David Cameron doesn't care about poor people either

“The problem is policy is being run by two public school boys [Cameron and Osborne] who don’t know what it’s like to go to the supermarket and have to put things back on the shelves because they can’t afford it for their children’s lunchboxes,” says Nadine Dorries, another Conservative MP. “What’s worse, they don’t care either.”
And he doesn't care because those poor people live in Northern cities which never voted tory anyway.

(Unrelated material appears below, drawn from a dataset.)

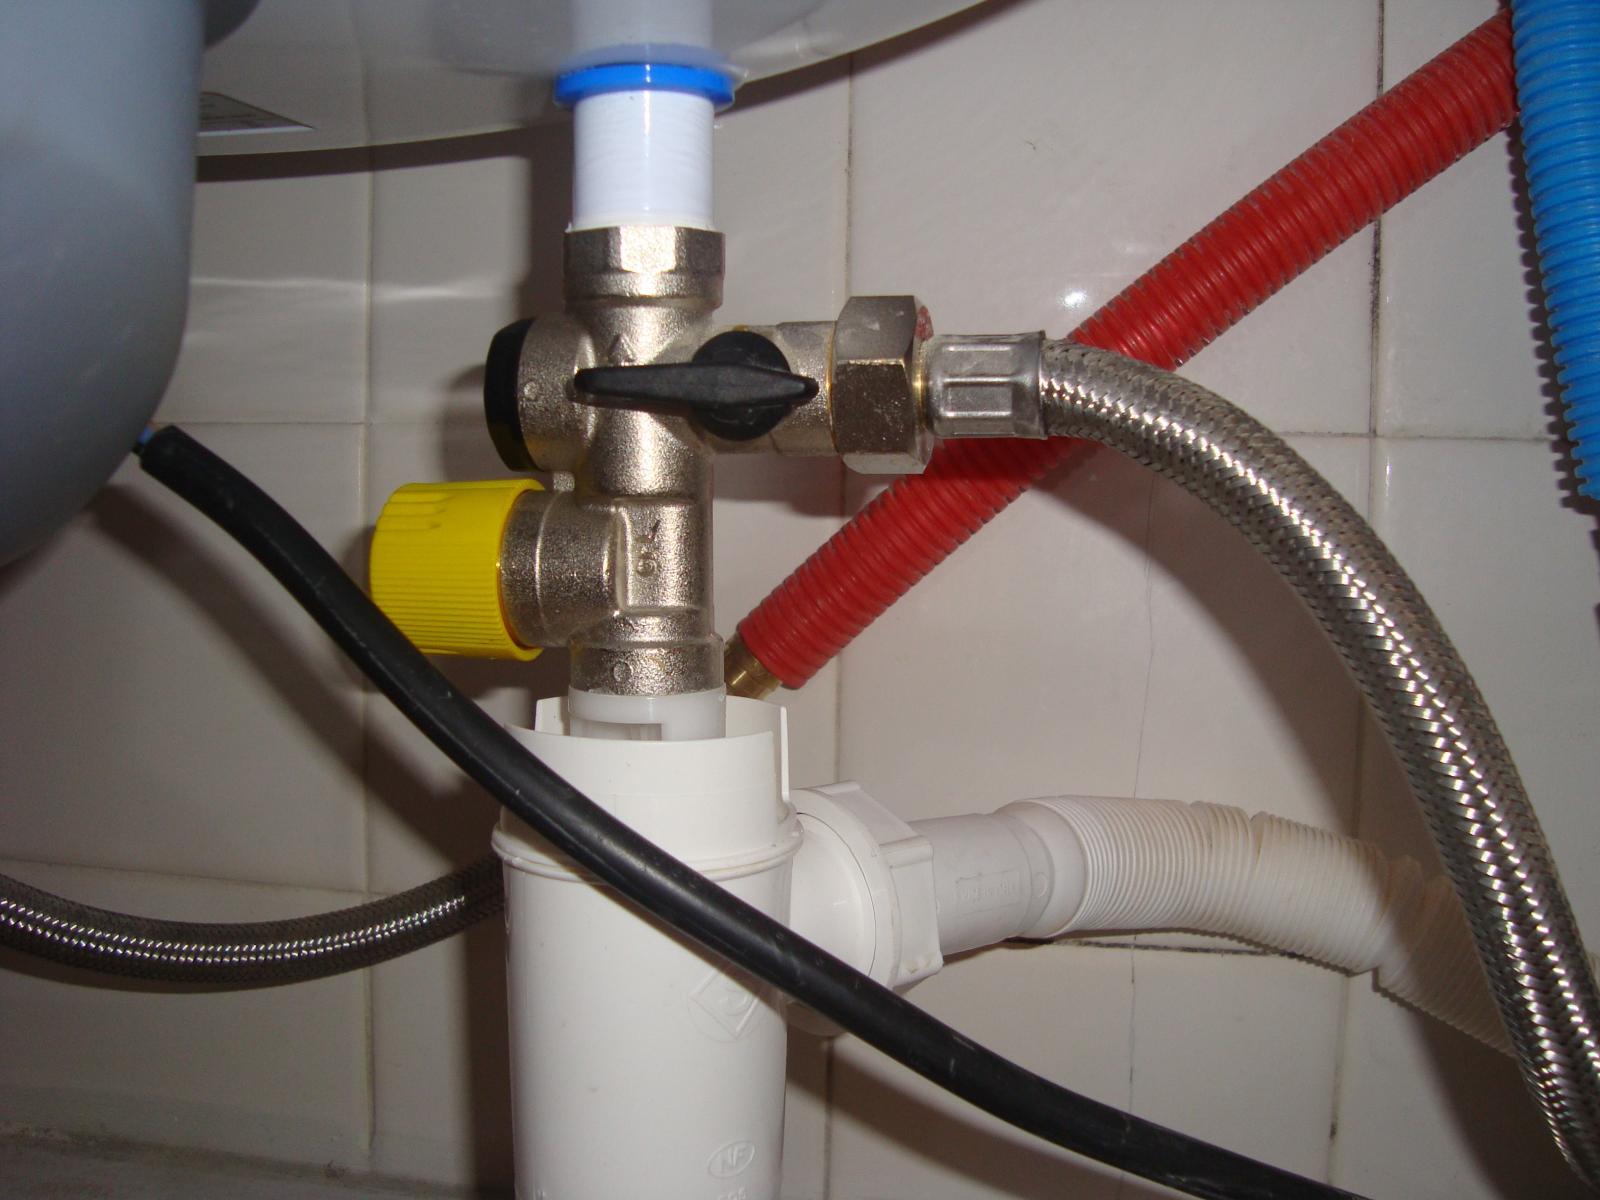 Eau chaude puis ti de - Pression d eau au robinet ...

Unemployment in traditional Labour areas is currently much higher than in traditional Conservative areas. In north-east England it is 11.2%, in Yorkshire and the Humber it stands at 9.9%, in the north-west at 9.3% and in Wales at 9%. By sharp contrast, unemployment in the south-west is 6.1%, in the south-east it is 6.3% and in the east of England it is 7%.  
Zooming into even more local figures reinforces this picture. The national rate of people claiming jobseekers' allowance is currently 5%. In Labour-held seats, the rate is an average 5.2%, while in Conservative-held seats it is considerably lower at 2.9%. In the 50 most marginal Conservative-held seats it is 3.6%, well below the national average and that of Labour-held seats. 
History shows that it is perfectly possible for Conservative governments to oversee sluggish growth, rising unemployment and public spending cuts while winning re-election. As Stanley Baldwin in the 1930s and Margaret Thatcher in the 1980s proved, the crucial factor is that enough people are doing comparatively better to sustain an election-winning coalition.
Part of me was quite relaxed when Labour lost the last election. They had been in power for over a decade,  which is never healthy, and a break would probably do them some good. And the Conservatives probably wouldn't be that bad. Especially with the Lib Dems there to tone down their worst excesses. I was wrong.

Justin Wolfers and Betsey Stevenson make a good point about asymmetric risks;
Europe’s experience in the 1970s and 1980s demonstrated that persistently high unemployment can become entrenched, leading to further unemployment in the future -- a process economists call hysteresis. Skills atrophy, hope fades and people lose contact with the networks that can help them find work. If this occurs with the millions of U.S. workers who have been without jobs for more than a year, it will be costly and very difficult to undo. 
In other words, the cost of too little growth far outweighs the cost of too much. If we readily bear the burden of carrying an umbrella when there’s a reasonable chance of getting wet, we should certainly be willing to stimulate the economy when there’s a reasonable risk that doing nothing could yield a jobless generation.
Christina Romer suggests that
European policy makers just don’t get it.
What is scarier is the notion that they do "get it", but just don't care.